I have now set up the smart DNS on all our devices, works a dream and the cost of £39 for a year or €49 for two well worth it as my other half watches a lot of sports from other countries. We are using the fee trial at the moment and after that will pay for a year. It’s working very well and the online chat help for a technophobe is brilliant.


----------



## mrypg9 (Apr 26, 2008)

Bought an Android box, less than 40euros. I don't have a smart tv. I downloaded my Nord VPN, IPlayer, Netflix and Amazon Prime, BBC Radio and tv channels with IPlayer. I share my Netflix with two friends in Belgium.

All so uncomplicated, efficient and very cheap.


----------



## cheval47 (Oct 14, 2012)

Depending on what service you are connecting to, you may need to also adjust the Geolocation of your browser (if going through a browser).
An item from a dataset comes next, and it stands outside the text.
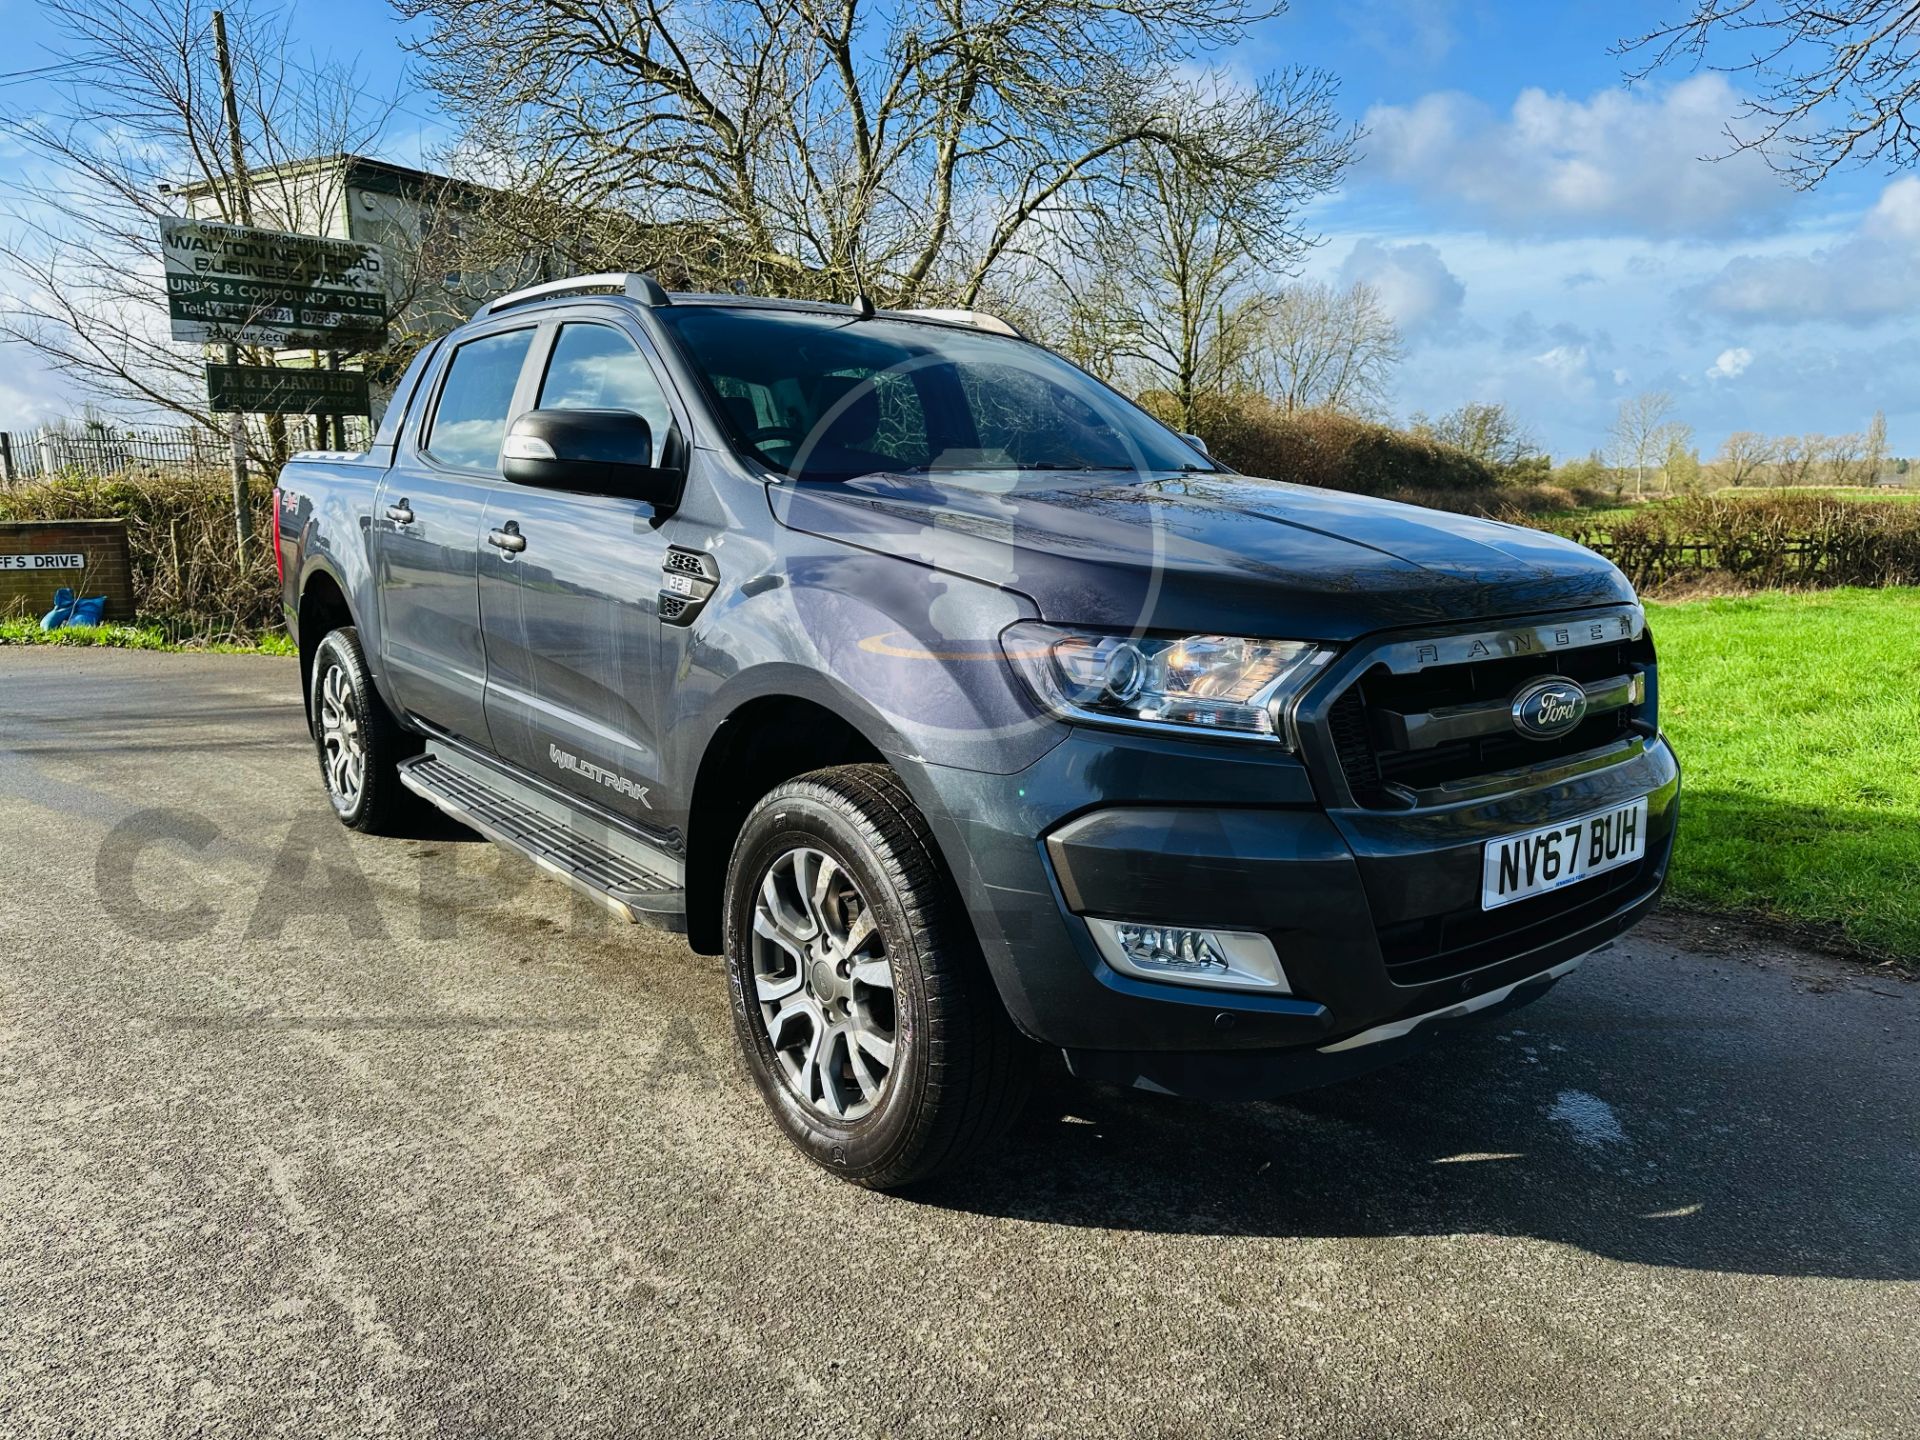 FORD RANGER *WILDTRAK EDITION* DOUBLE CAB PICK-UP (2018 - EURO 6) 3.2 TDCI - AUTOMATIC (1 OWNER) - Bild 2 aus 37

If going through an app, this point is moot.


----------



## MataMata (Nov 30, 2008)

A tip for SmartDNSProxy, or at least its how it went for me.

When the trial expires even if you want to subscribe do nothing. 

You will receive an offer of 40/50/60% off but don't accept yet. 

A little while later you will get an offer of 70% off but still hold off.

A couple of days later I got an offer of 80% off which I finally accepted meaning that 2 years cost me $24,99.

In the meantime you can start another free trial with a different email address


----------